Trying to prevent the guest from squashing a spurious fault is a fools
errand.   For example, with nested virtualization, the correct behavior
from an architectural perspective is to forward exceptions from L2 (the
nested VM) to L1 (the direct VM) that L1 wants to intercept.  E.g. if L1
wants to intercept #AC faults that happen in L2, then KVM reflects all #AC
faults into L1 as VM-Exits without ever reaching this code.

Nested virt aside, detecting spurious #AC and a few other exceptions is
mostly feasible, but for many exceptions it's flat out impossible.
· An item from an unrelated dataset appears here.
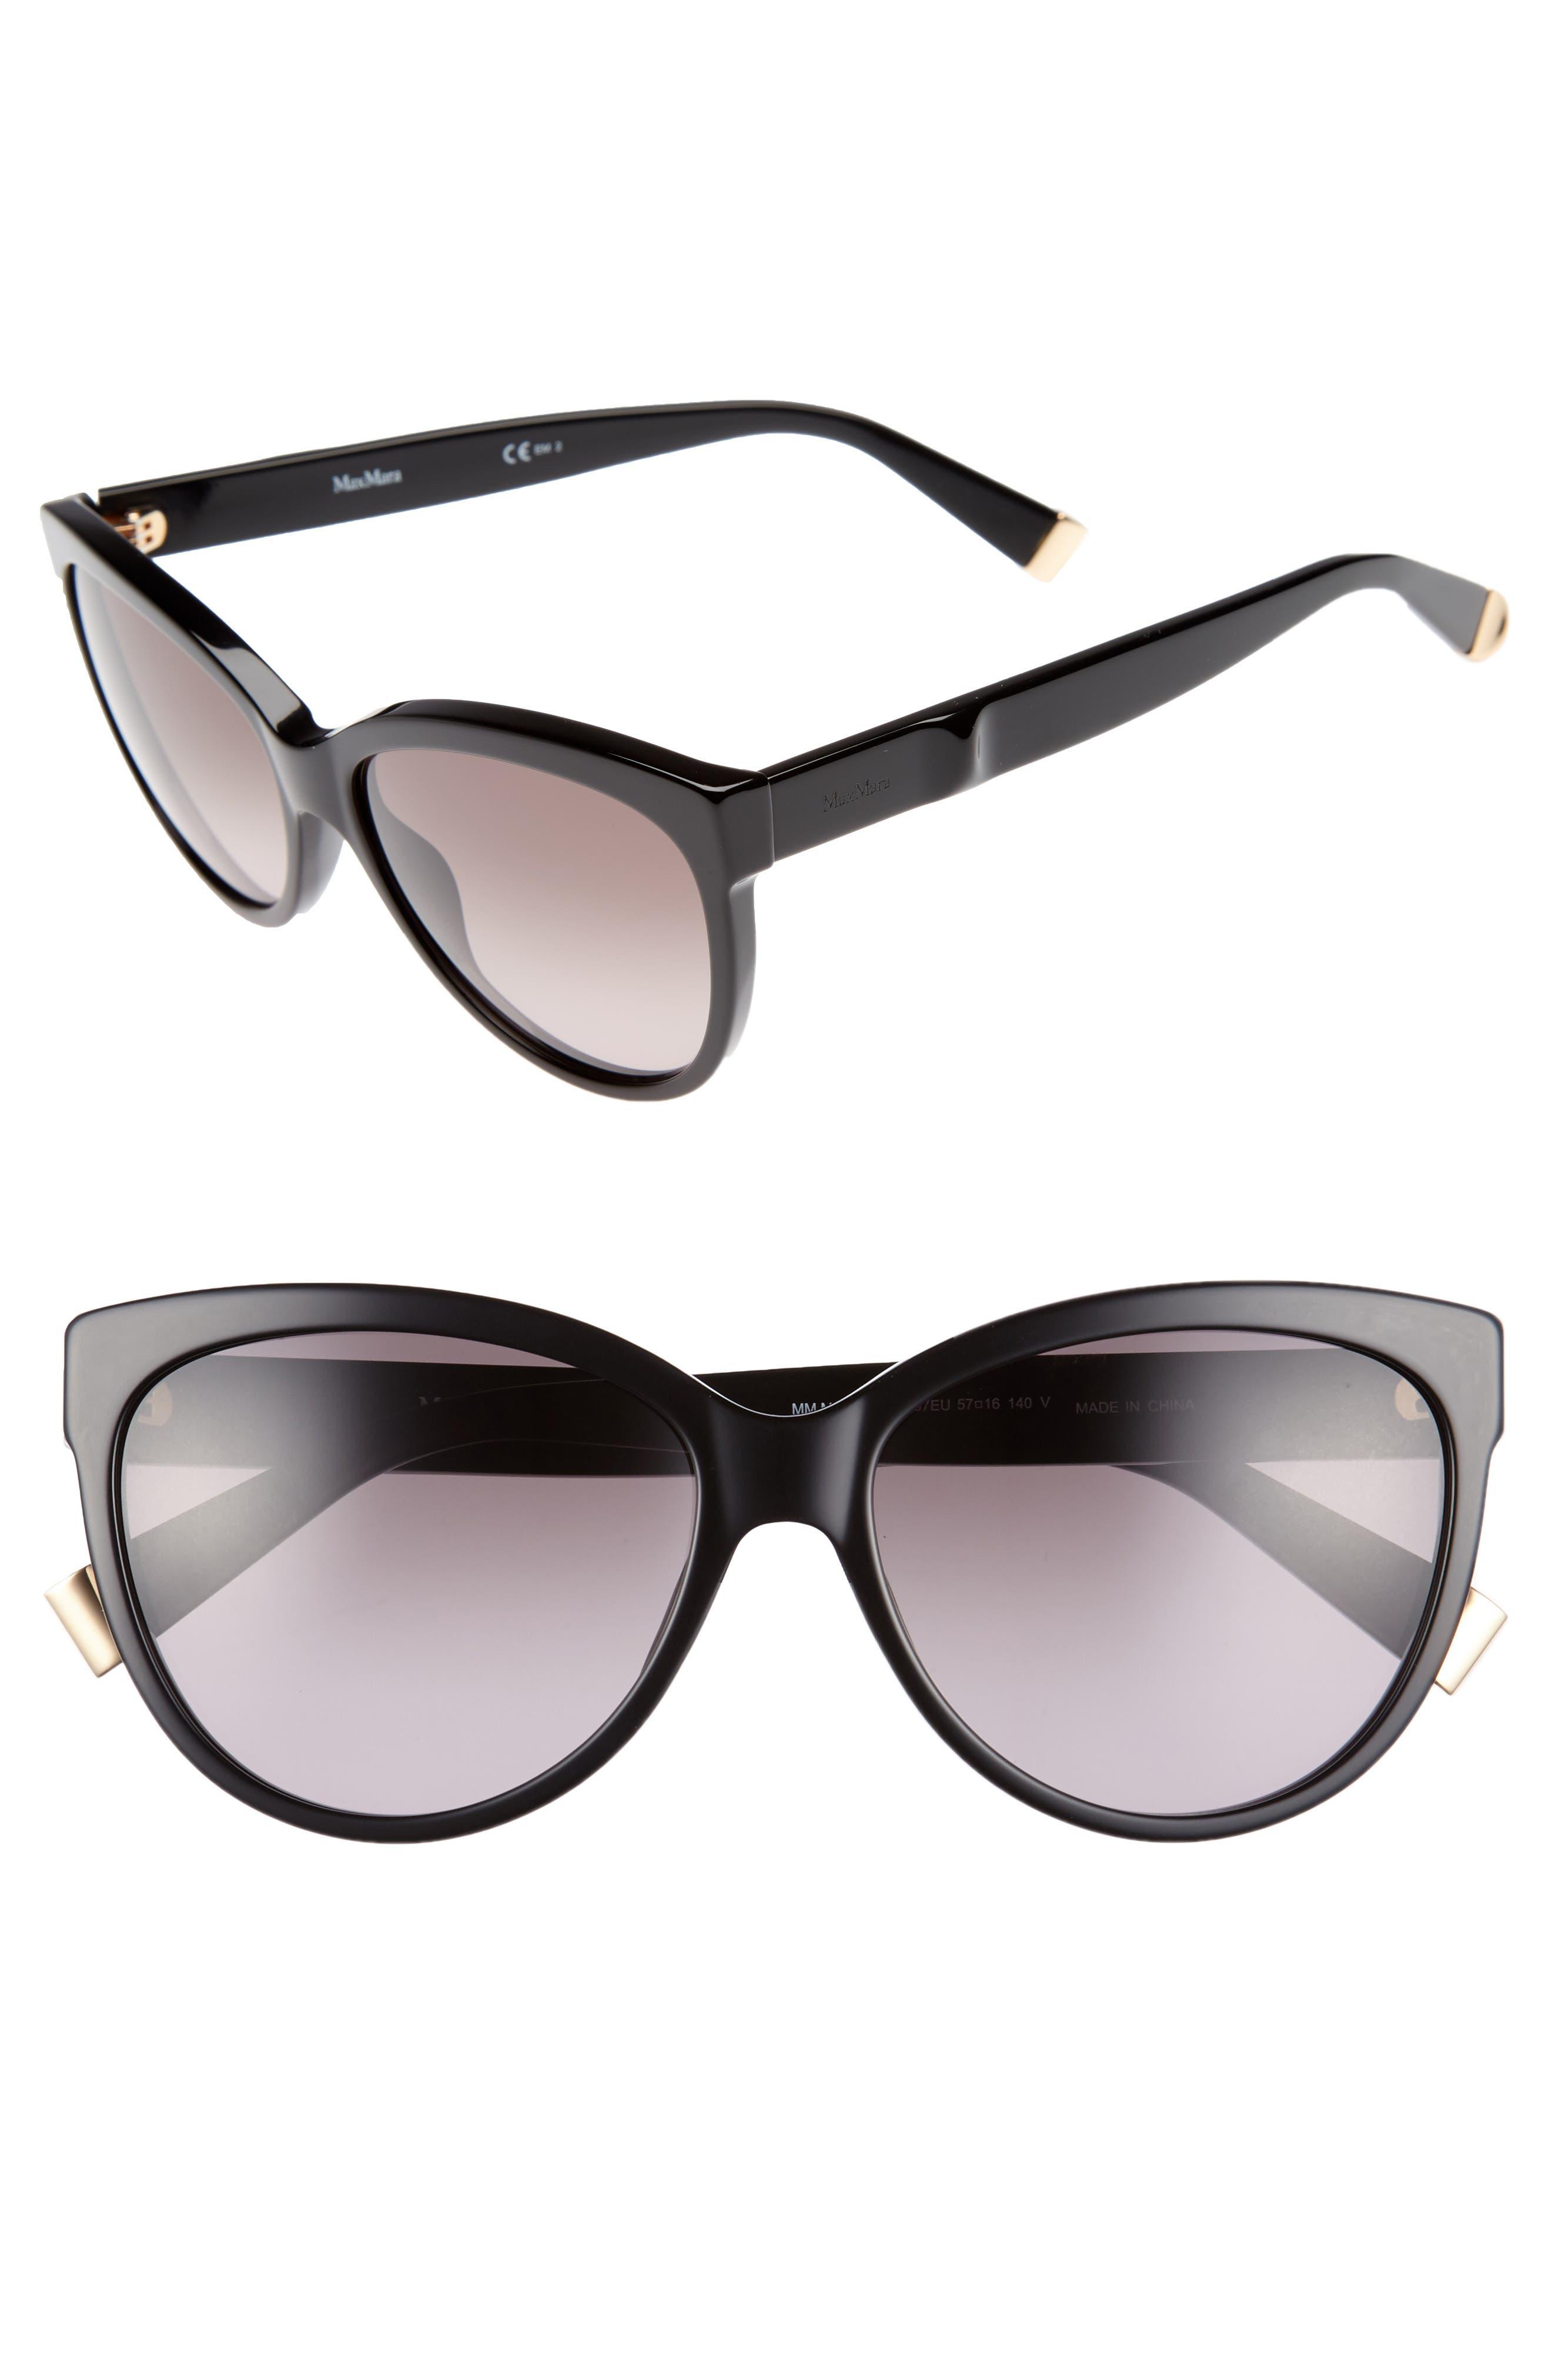 Moderii 57mm Gradient Cat Eye Sunglasses,                             Main thumbnail 1, color,                             001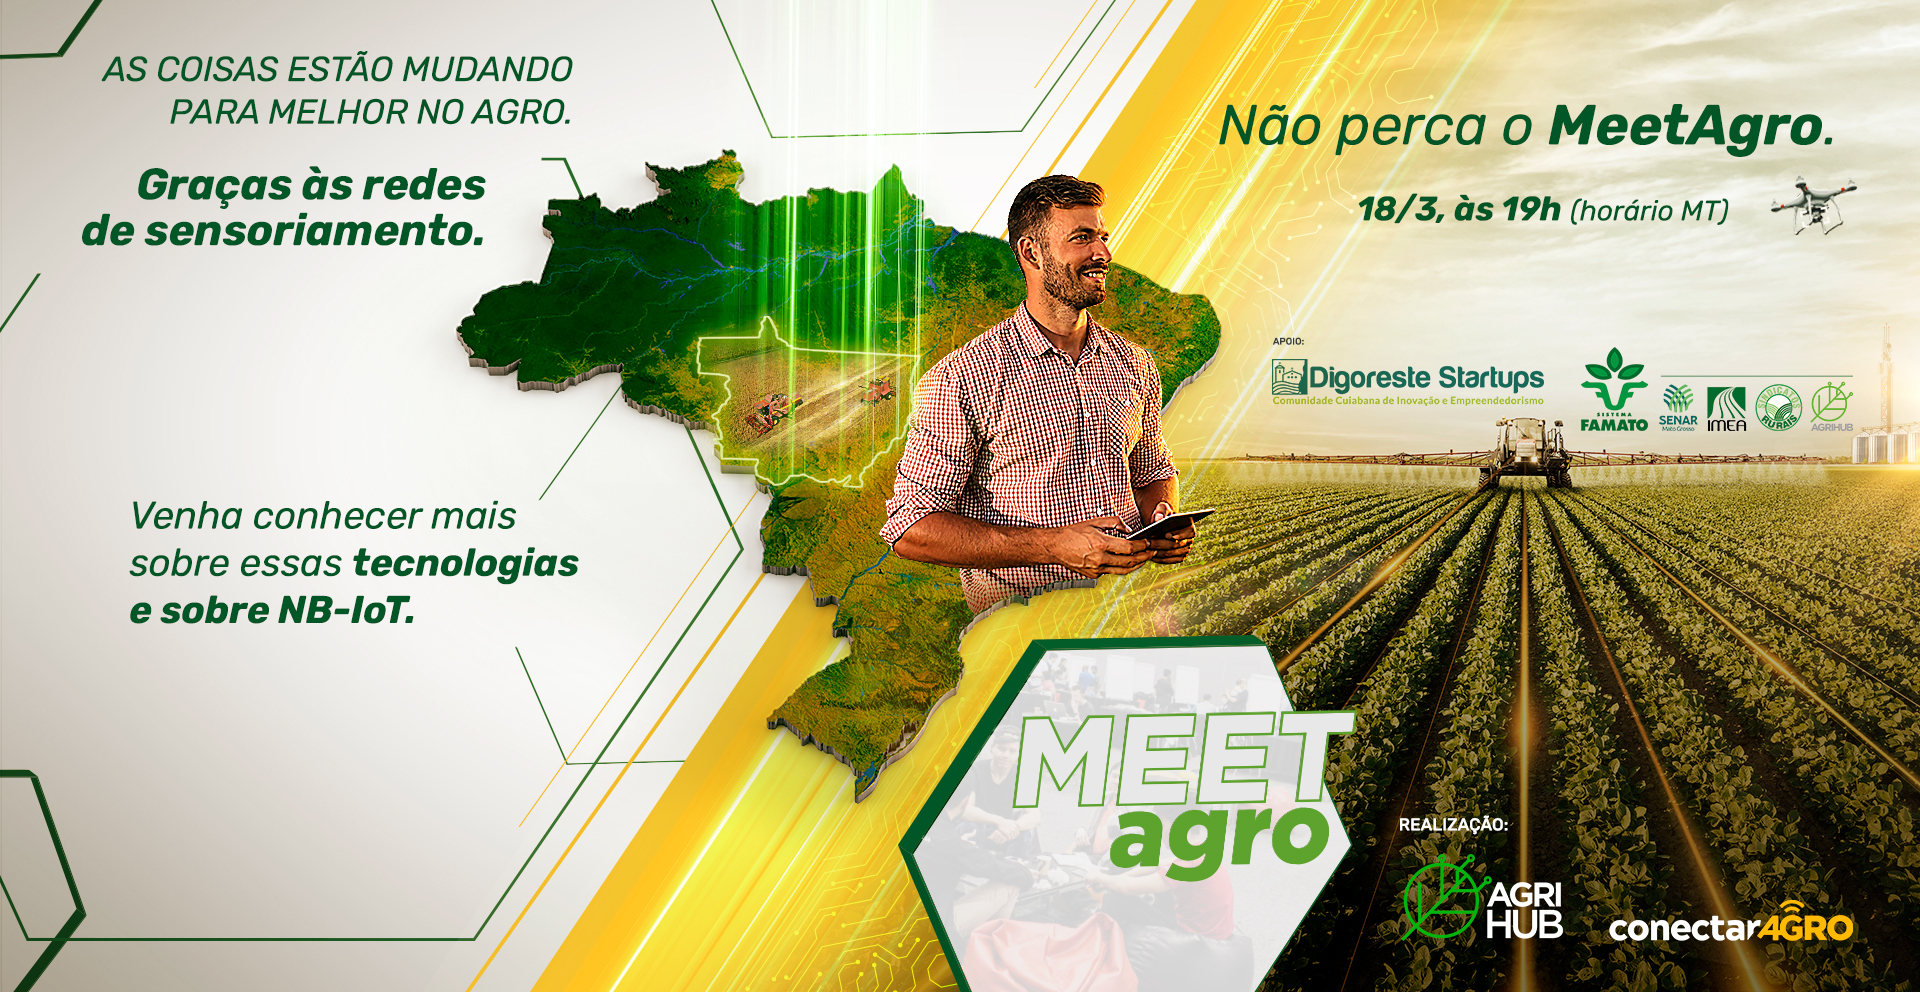 AgriHub e ConectarAGRO realizam MeeAgro virtual sobre IoT

Anyways, this particular case isn't a sticking point, i.e. I'd be ok with
exiting to userspace on a spurious #AC, I just don't see the value in doing
so.  Returning KVM_EXIT_EXCEPTION doesn't necessarily equate to throwing up
a red flag, e.g. from a kernel perspective you'd still be relying on the
userspace VMM to report the error in a sane manner.  I think at one point
Xiaoyao had a WARN_ON for a spurious #AC, but it was removed because the
odds of a false positive due to some funky corner case seemed higher than
detecting a CPU bug.

> TBH, the more I learn about this, the more I tend to just give up on
> this whole split lock stuff in its current form and wait until HW folks
> provide something which is actually usable:
> 
>    - Per thread
>    - Properly distinguishable from a regular #AC via error code
> 
> OTOH, that means I won't be able to use it before retirement. Oh well.
> 
> Thanks,
> 
>         tglx